The purpose of the Nominating and 公司治理 Committee shall be to:
- Identify individuals qualified to become members of the 董事会.
- Recommend individuals to the Board as director nominees and recommend directors to serve as members of Board committees.
- Develop and recommend to the Board a set of corporate governance guidelines.
The Nominating and 公司治理 Committee shall consist of not less than three directors as appointed by the 董事会. Members may be removed by the 董事会 在其自由裁量权. Each member of the Committee shall be independent as defined by the New York Stock Exchange (the “纽交所”) for the purpose of this Charter. The Chairperson of the Committee shall be designated by the 董事会. The Committee Chairperson will preside at each Committee meeting. In the event the Committee Chairperson is not present at a meeting, the Committee members present at that meeting shall designate one of its members as the acting chair for such meeting.

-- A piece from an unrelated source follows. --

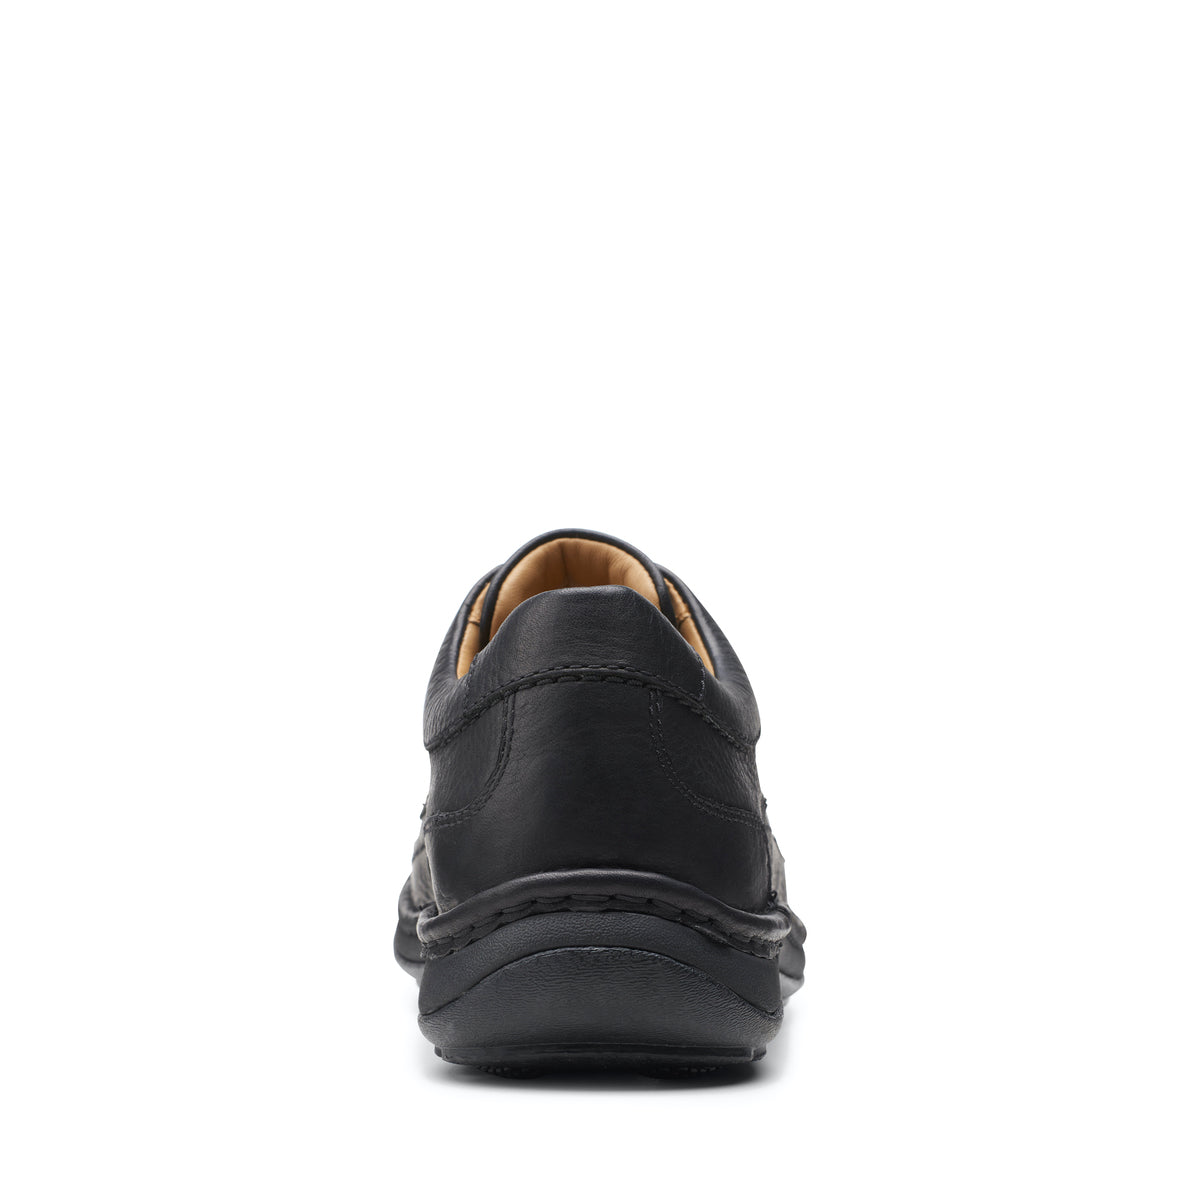 Zapatos Derby De La Marca Clarks Para Hombre Modelo Nature Three Black Leather En Color Negro

The Committee shall meet as often as necessary to carry out its responsibilities. Meetings may be held in person or by means of a conference telephone or other electronic technology allowing all persons participating in the meeting to hear each other at the same time. The Committee may ask members of management or others to attend Committee meetings and provide pertinent information when needed. At least half the members of the Committee will constitute a quorum with a majority of votes of those Committee members present at a meeting in which a quorum has been established being sufficient to adopt a resolution or otherwise take action. The Committee may act by unanimous consent without a meeting. The Committee may also delegate any of its responsibilities to subcommittees as the Committee may deem appropriate.
- Establish criteria for selecting new members of the 董事会.
- Lead the search for candidates qualified to become members of the 董事会, 考虑到多样性, 包括(但不限于)种族, 性别, sexual orientation and 性别 identity, 国籍, 种族, 专业背景, 具有地理和行业经验, and recommend individuals to the Board as director nominees.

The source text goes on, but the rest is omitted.